(Source material)
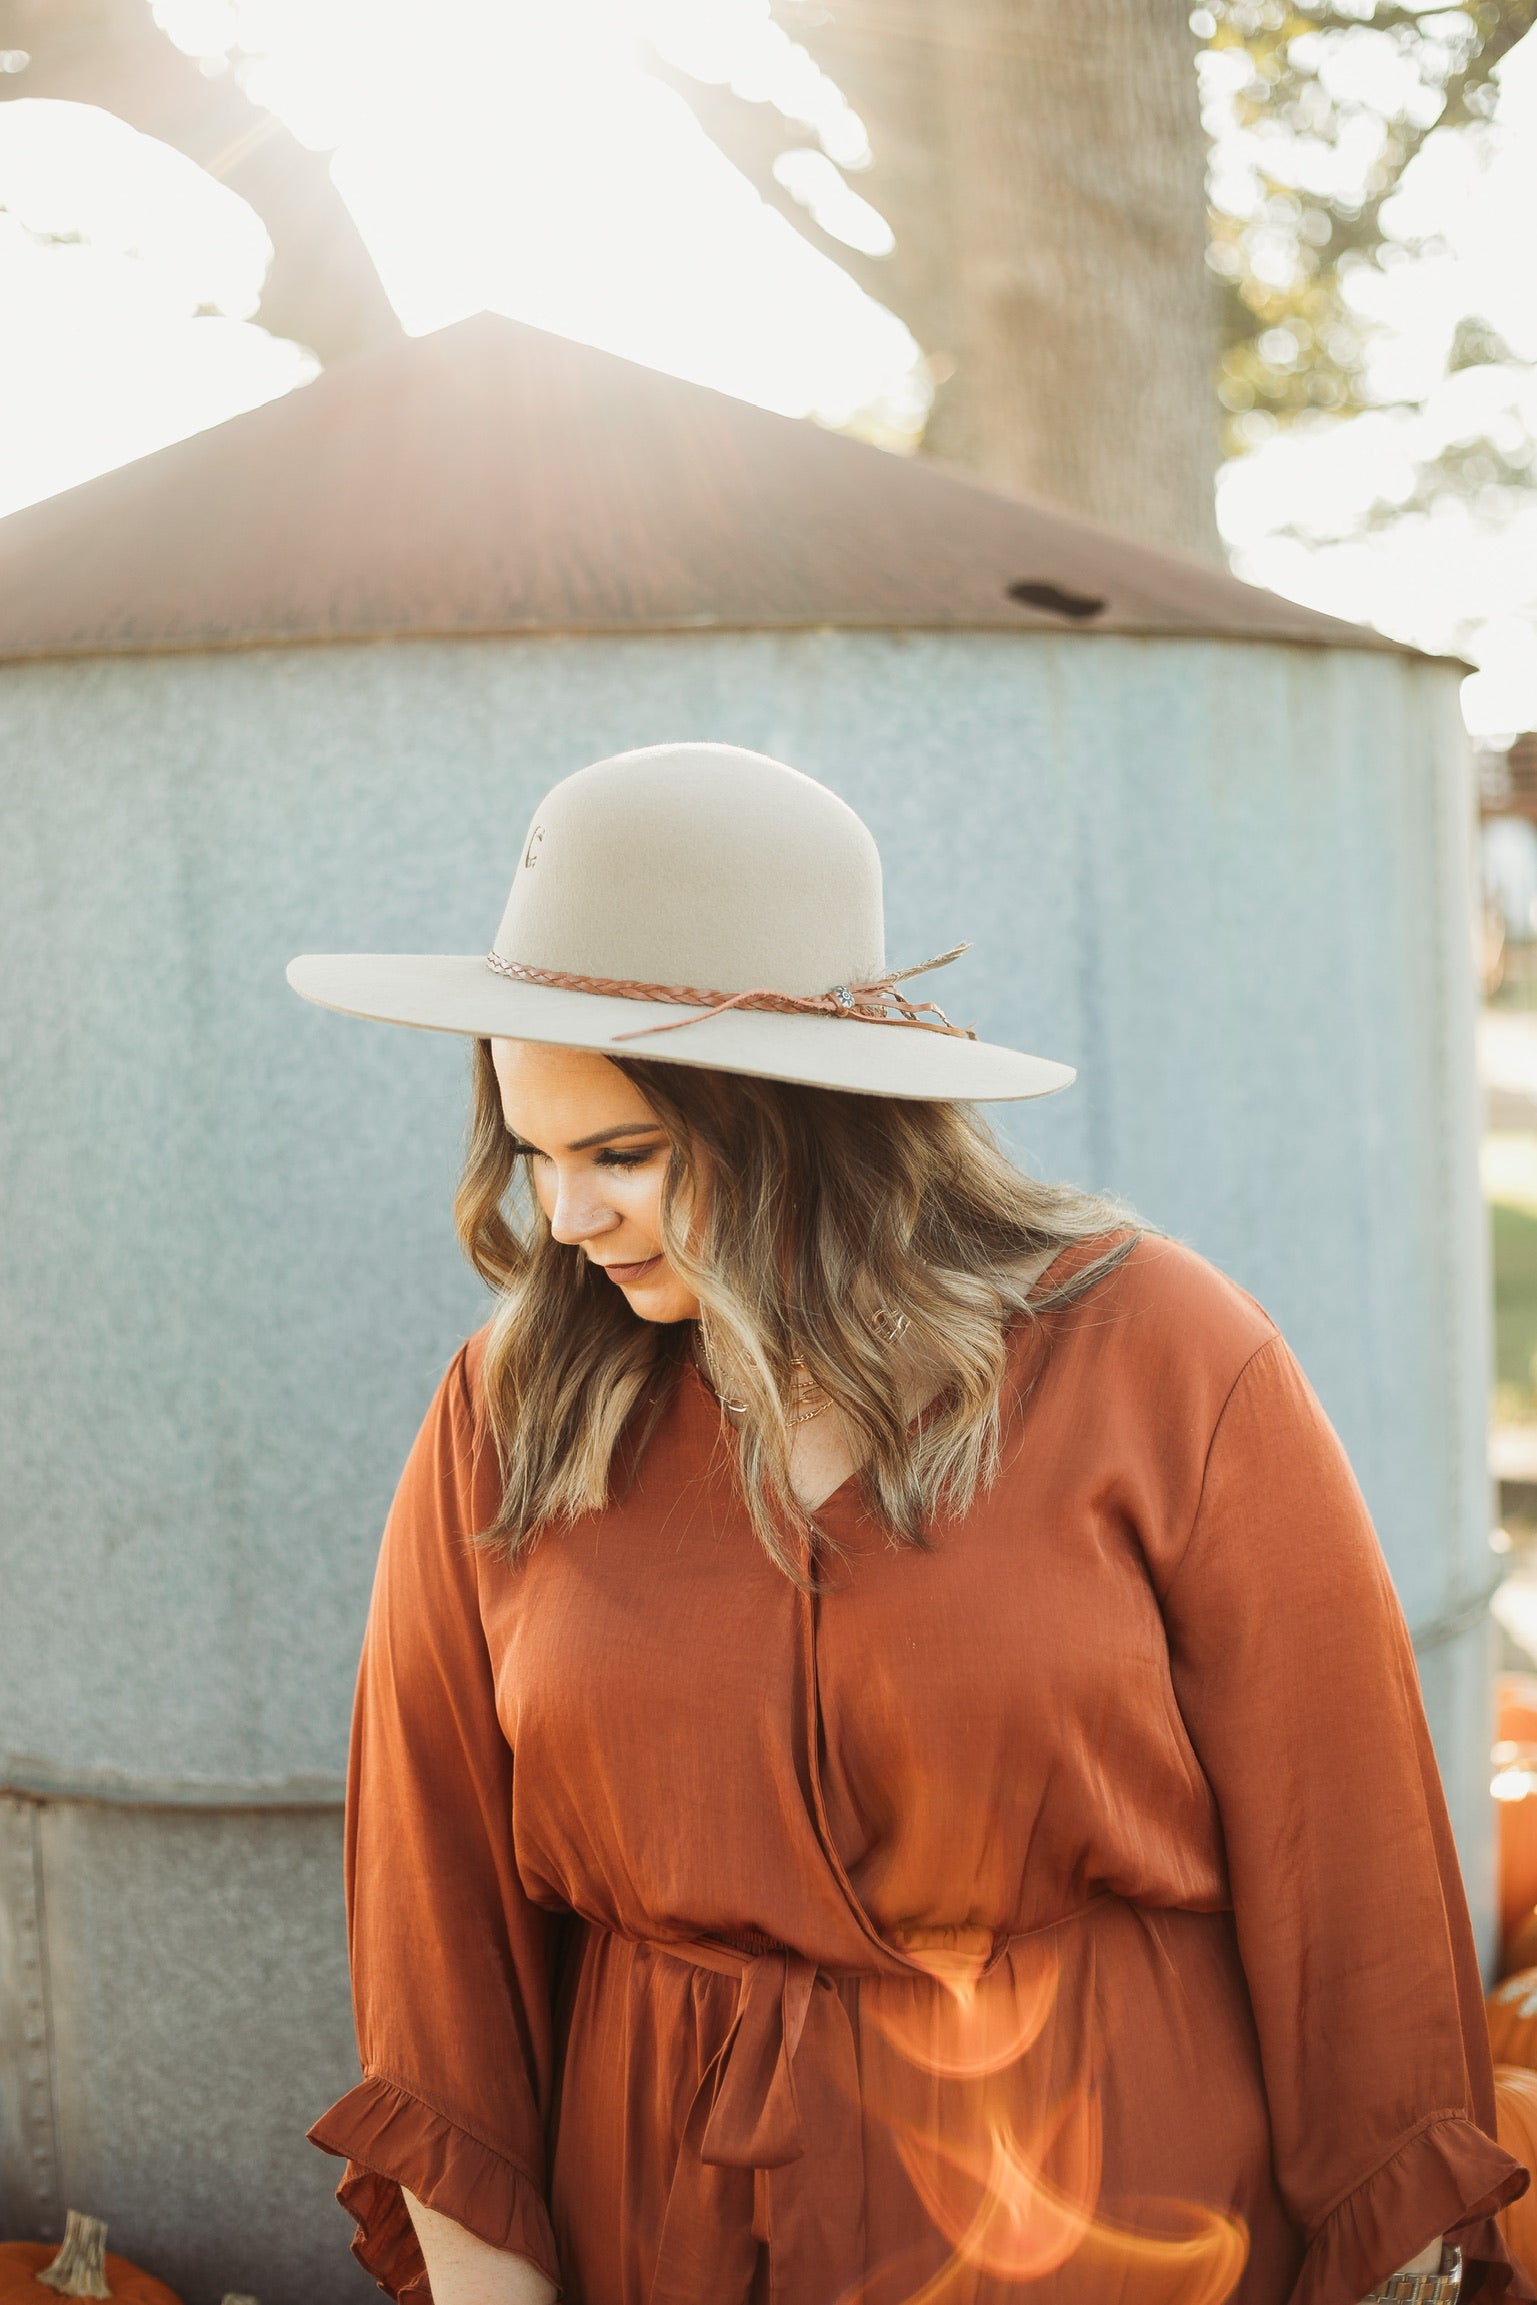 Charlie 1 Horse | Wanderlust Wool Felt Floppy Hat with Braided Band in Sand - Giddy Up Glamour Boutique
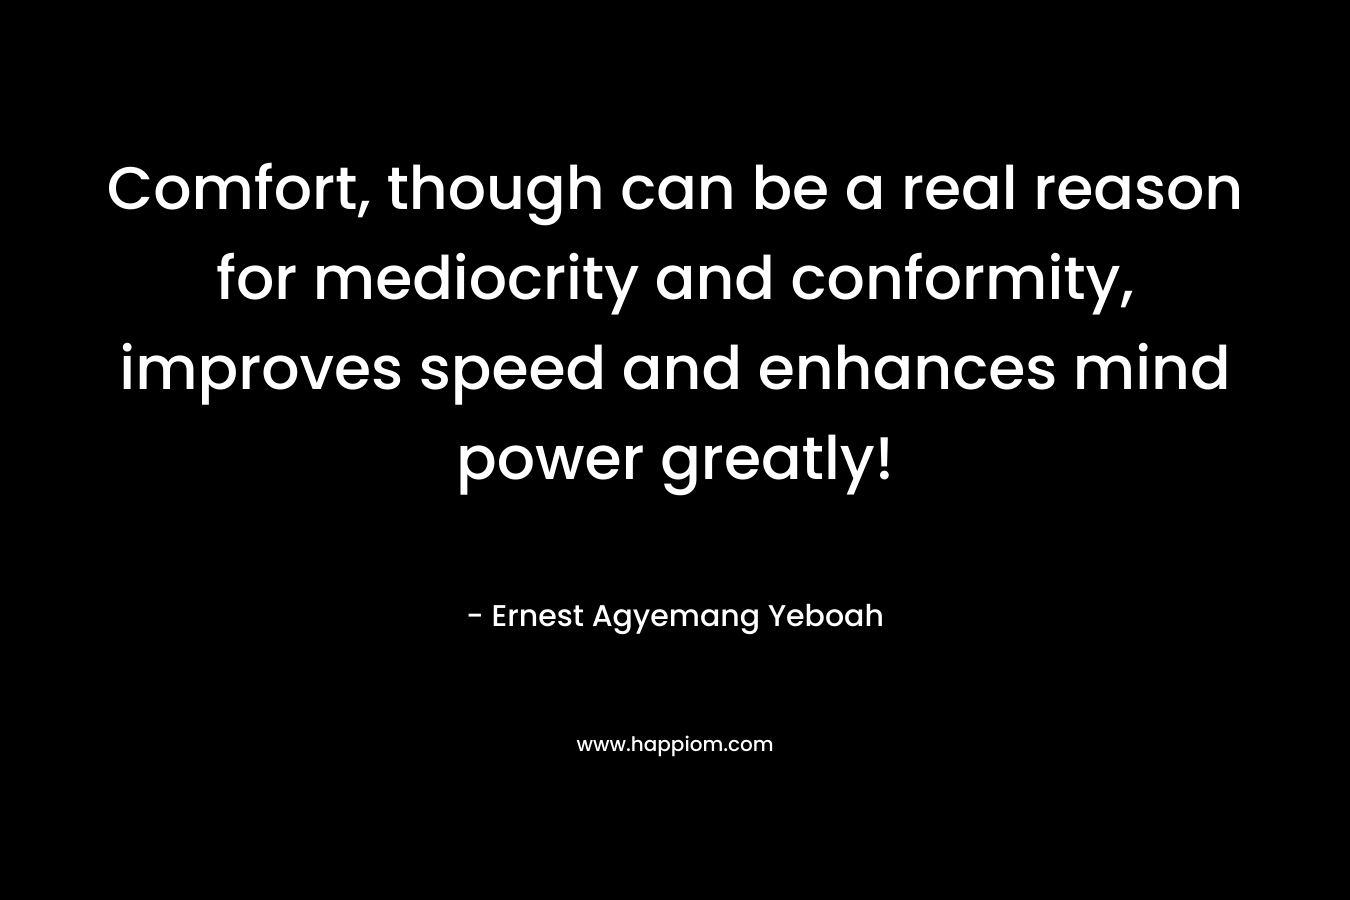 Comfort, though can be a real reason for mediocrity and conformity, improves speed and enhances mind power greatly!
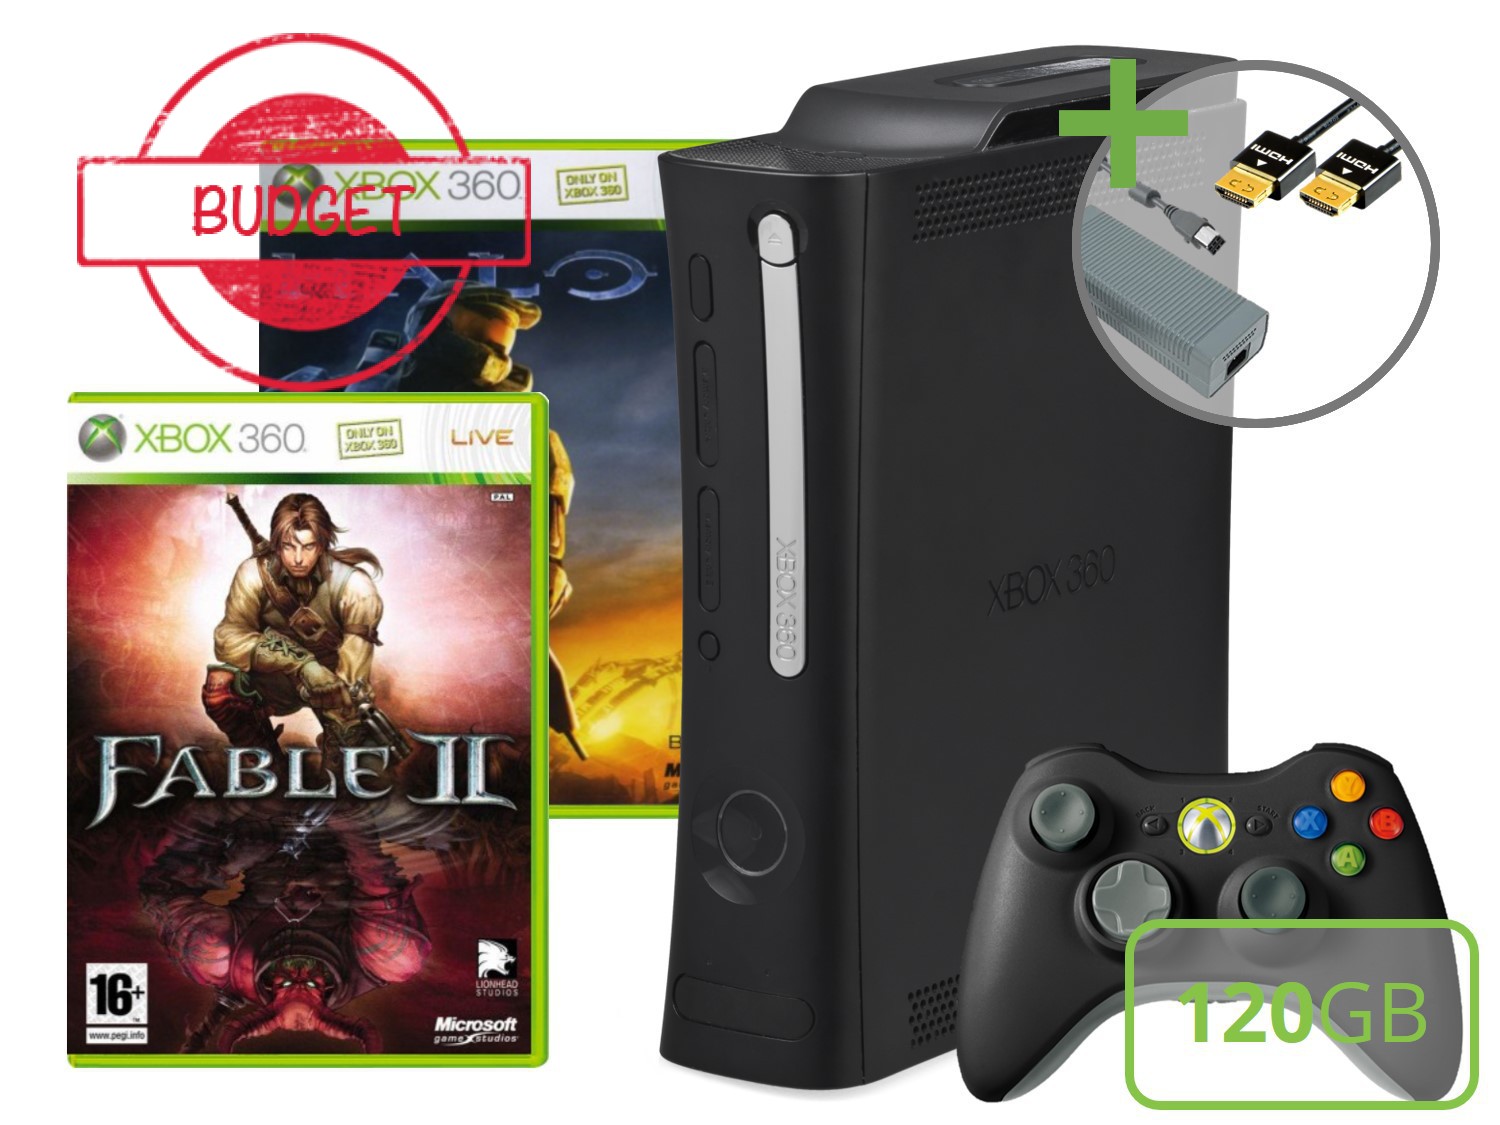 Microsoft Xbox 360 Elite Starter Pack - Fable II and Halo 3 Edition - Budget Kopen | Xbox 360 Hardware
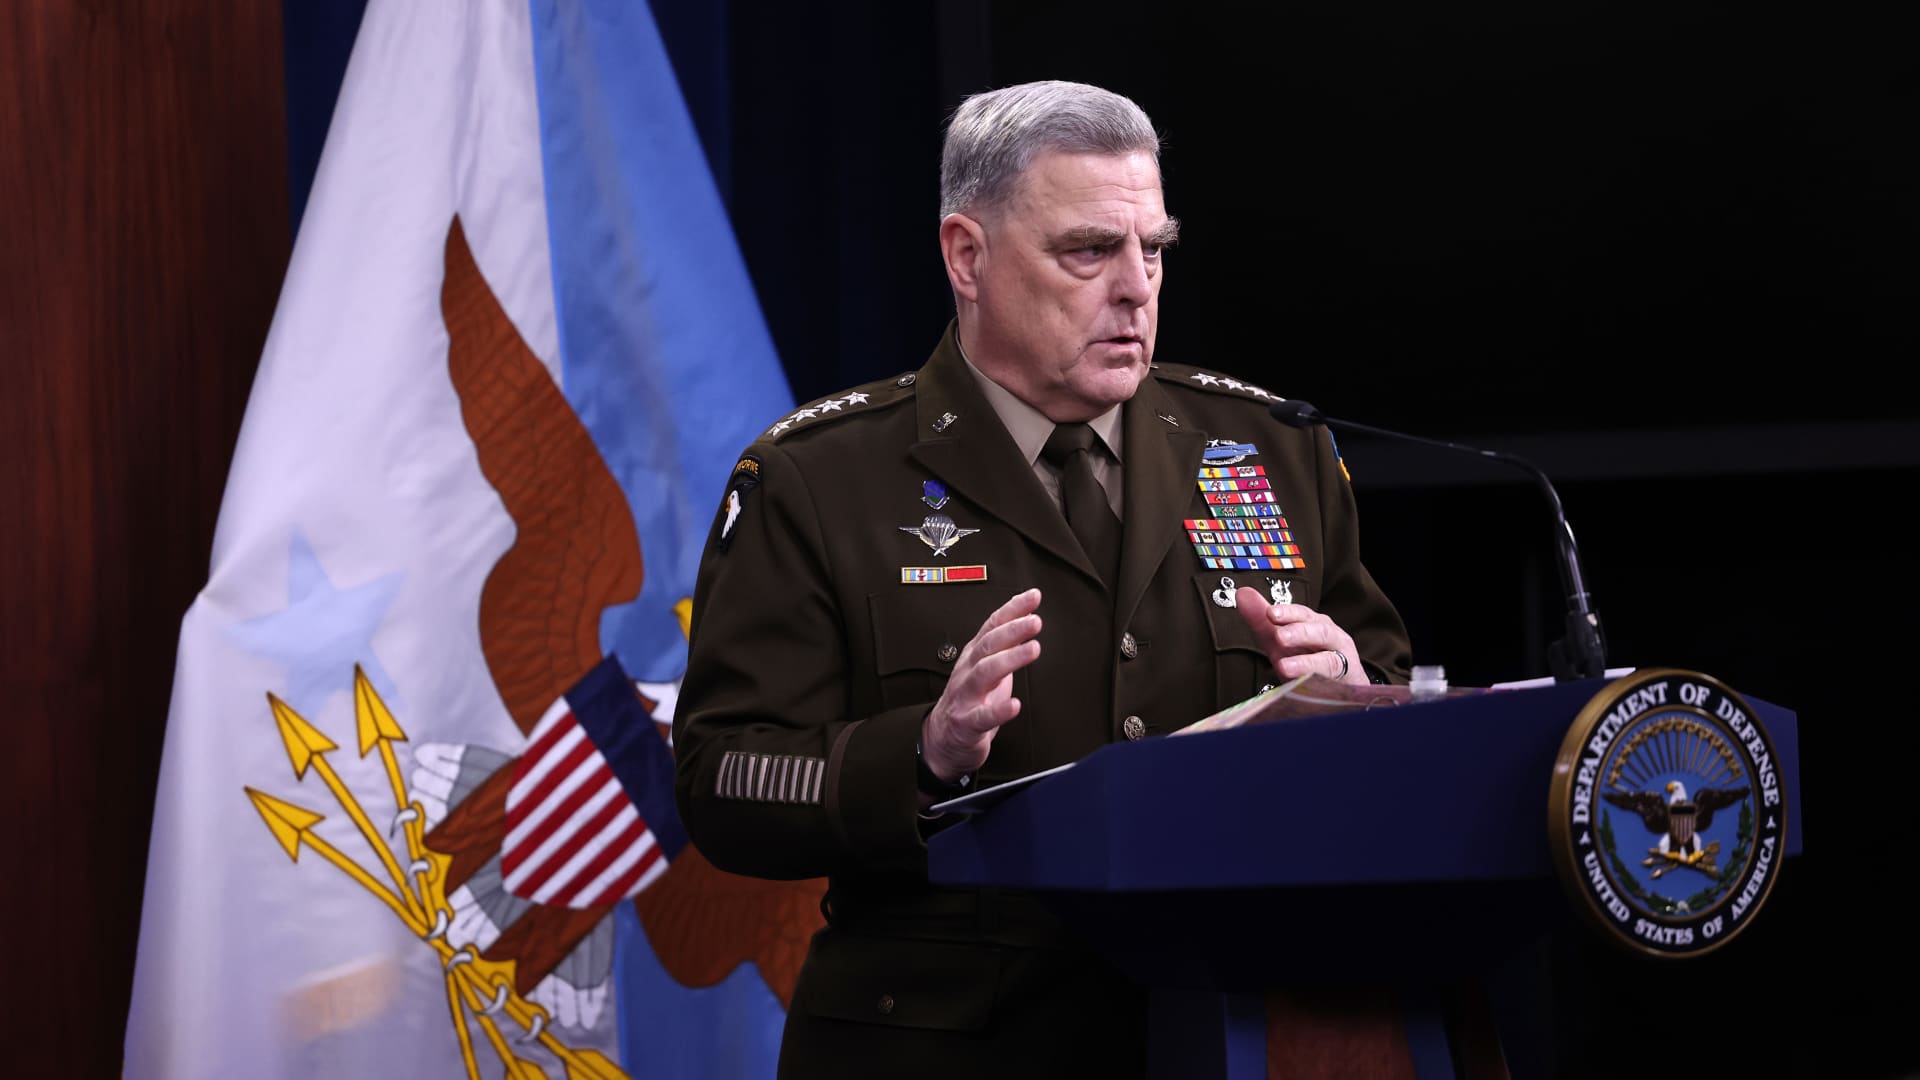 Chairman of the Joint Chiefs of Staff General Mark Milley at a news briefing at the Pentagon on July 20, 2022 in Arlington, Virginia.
(End Source material)
Copy the material exactly as written and leave every picture behind.

 Charlie 1 Horse | Wanderlust Wool Felt Floppy Hat with Braided Band in Sand - Giddy Up Glamour Boutique
 Comfort, though can be a real reason for mediocrity and conformity, improves speed and enhances mind power greatly!
 Microsoft Xbox 360 Elite Starter Pack - Fable II and Halo 3 Edition - Budget Kopen | Xbox 360 Hardware
 Chairman of the Joint Chiefs of Staff General Mark Milley at a news briefing at the Pentagon on July 20, 2022 in Arlington, Virginia.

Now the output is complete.